Refusal by judges to recognize the right of journalists to keep the identity of their news sources confidential and the question of public access to city council meetings became issues of concern to the media in Canada in recent months. In November, an Ontario judge found reporter Ken Peters of the Hamilton Spectator in contempt of court for refusing to obey a court order to name a person present at a 1995 meeting in which he received sensitive documents. Peters was covering municipal affairs when he met with two people and obtained documents alleging serious problems at the St. Elizabeth Villa retirement home in Hamilton . He then wrote a series of articles based on the documents. The retirement home is suing city officials for $15.5 million Canadian dollars, saying comments contained in the documents were defamatory, negligent and breached their public duties in the wake of allegations about poor care and abuse of residents and staff. Superior Court Judge David Crane ruled on December 7 that Peters' promise of confidentiality at that meeting did not extend to the second person present, and ordered him to name that person. Peters refused, arguing that to do so would indirectly reveal his source.
Judge Crane said it was the media's insistence on protecting the confidentiality of news sources that forced journalists to break the law.
Media organizations saw the judge's ruling, which included an order that Peters pay the court costs, amounting to $31,600 Canadian dollars , as a dangerous precedent. Peters said he plans to appeal.
In Ottawa , in mid-December the Chalottetown city council voted 7- 3 in favor of opening committee meetings to the media, but added a long list of exclusions, including pre-budget debates, reports and presentations to the council, as well as any meeting an organization may want to keep private.
A CBC reporter had been asked in April to leave a committee meeting. The CBC countered by filing a formal request to have all committee meetings open to the public.
In early December 2004, Aamir Arain, resident editor of The Pakistan Post , which circulates throughout Canada and the United States, said he had received an anonymous death threat on his cell phone after his newspaper ran a news item, based on a Royal Canadian Mounted Police report, in November concerning a drug bust in Toronto that implicated influential members of the local Pakistani business community. Advertisers later reported being pressured, which Arain said had caused a 30 percent drop in advertising revenue.

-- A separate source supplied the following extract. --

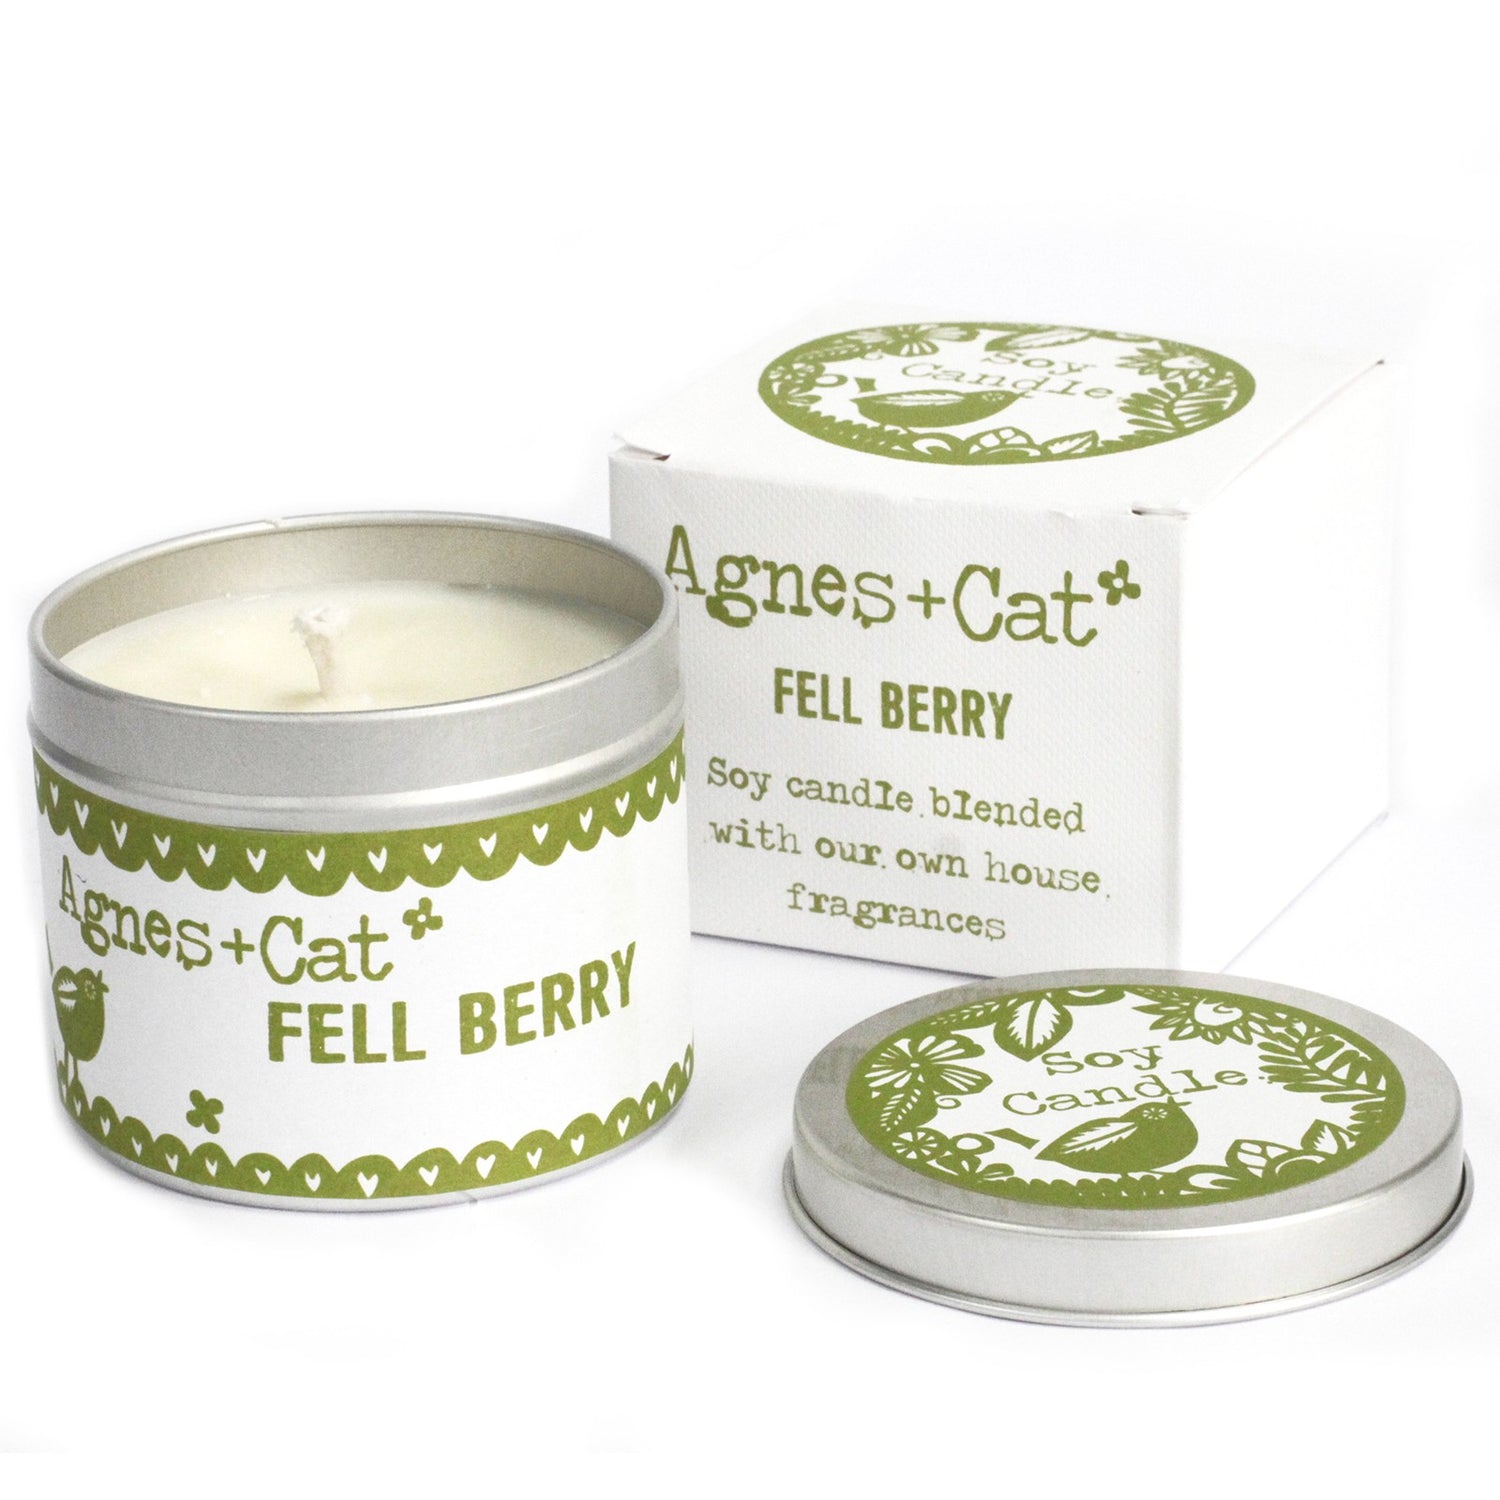 Agnes + Cat Fell Berry Fragranced Soy Wax Tin Candle

Agreement was reached in January to halt criminal and civil proceedings against author and journalist Stephen Williams that had begun two years earlier following a series of police raids on his home. Following a lengthy and costly court battle, Williams accepted a plea bargain offered by the government and received a suspended sentence after pleading guilty to a single charge of breaching a publication ban. He was given three years' probation and ordered to perform community service.
The unusual dual criminal-civil prosecution of Williams involved 97 criminal charges for allegedly violating a publication ban concerning the trial of serial killer Paul Bernardo. It was feared the prosecution would send a chilling message to journalists and writers who express criticism of police and judicial actions in Ontario and be a dangerous legal precedent.
n late February, media groups called for a public inquiry after a journalist and police commission chairman were targeted by Edmonton police in what was seen as an unwarranted drunk driving sting last November at a Canadian Association of Journalists function at a downtown Edmonton bar.